Pollution Management and Environmental Health Program

Air, land, and water pollution caused 9 million premature deaths in 2016, or 16% of all deaths worldwide. About 92% of all pollution-related mortality is seen in low-income and middle-income countries, with the poor, marginalized, and young hardest hit by the health effects of the contamination. The economic burden is immense: in 2019, air pollution alone cost the global economy US$8.1 trillion—6.1 percent of global GDP.

The World Bank is committed to supporting countries most severely impacted by pollution by providing technical assistance on pollution management, facilitating knowledge generation and sharing, and raising awareness about the detrimental impact on global health.

Over the past 12 years, FY04–17, the World Bank Group approved 534 pollution- relevant activities, accounting for approximately US$43 billion in commitments. These projects have contributed significantly resulting in air pollution reduction in Peru, Pakistan, and Vietnam and easing contamination on land and in rivers in a number of developing countries.

Over the last several years, stakeholders across low and middle-income countries have expressed an urgent need for increased support on pollution management in order to respond to the magnitude of the threat to human health and economies. Responding to pollution is a challenge that is solvable in the near term to save lives and unlock economic opportunity through action at the local, national, regional and global levels.

The World Bank established a Multi-donor Trust Fund for Pollution Management and Environmental Health to promote more systematic and effective responses to deadly and costly air pollution.

 

PMEH was launched to provide increased support on pollution management in order to respond to the magnitude of the threat to human health and economic growth.

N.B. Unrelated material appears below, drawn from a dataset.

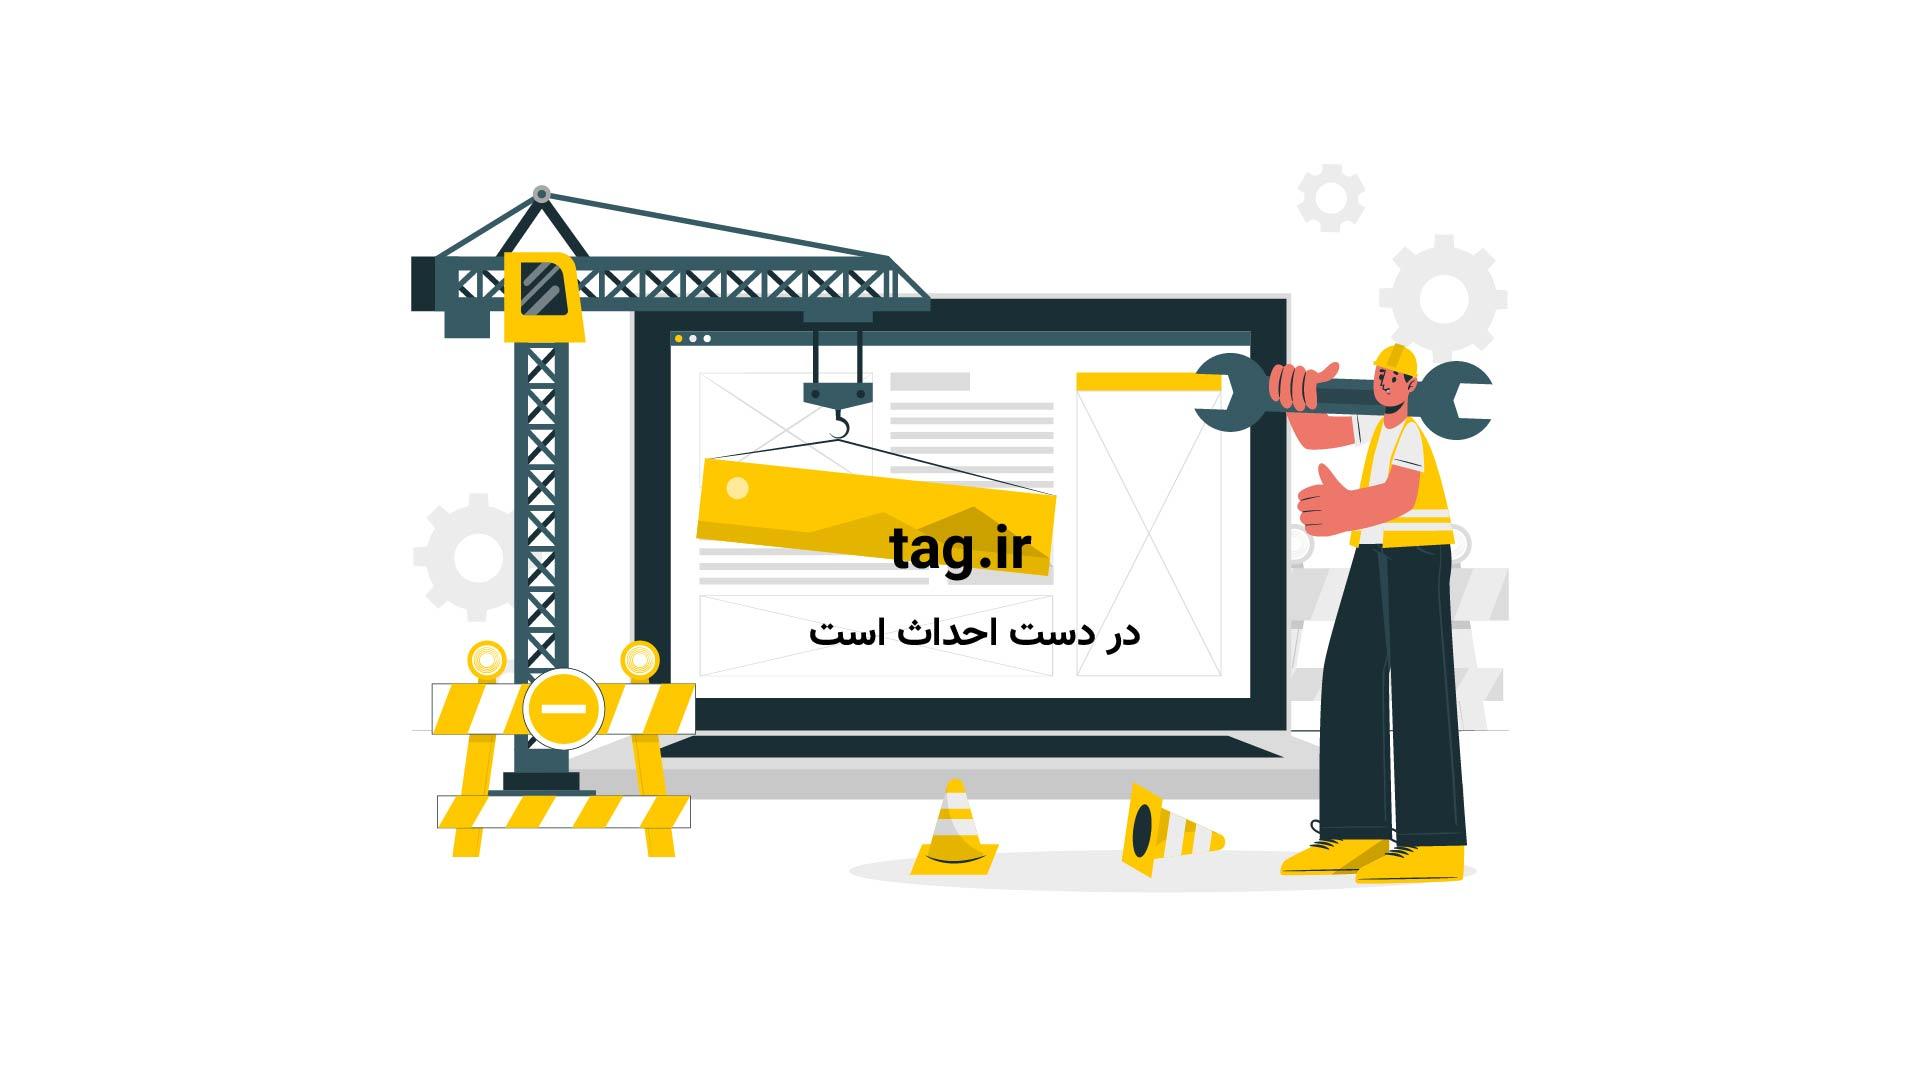 بازی بسکتبال ساکرامنتو کینگز ۱۱۵ – ۱۲۱ لس آنجلس کلیپرز | فیلم

PMEH focuses on air quality management, water pollution, and toxic sites management and currently operates in China, Egypt, India, Nigeria, South Africa and Vietnam.

An important feature of PMEH is to foster south-south collaboration: targeted and coordinated knowledge exchange and collaboration across implementing countries can improve pollution management and environmental health in low and middle income countries.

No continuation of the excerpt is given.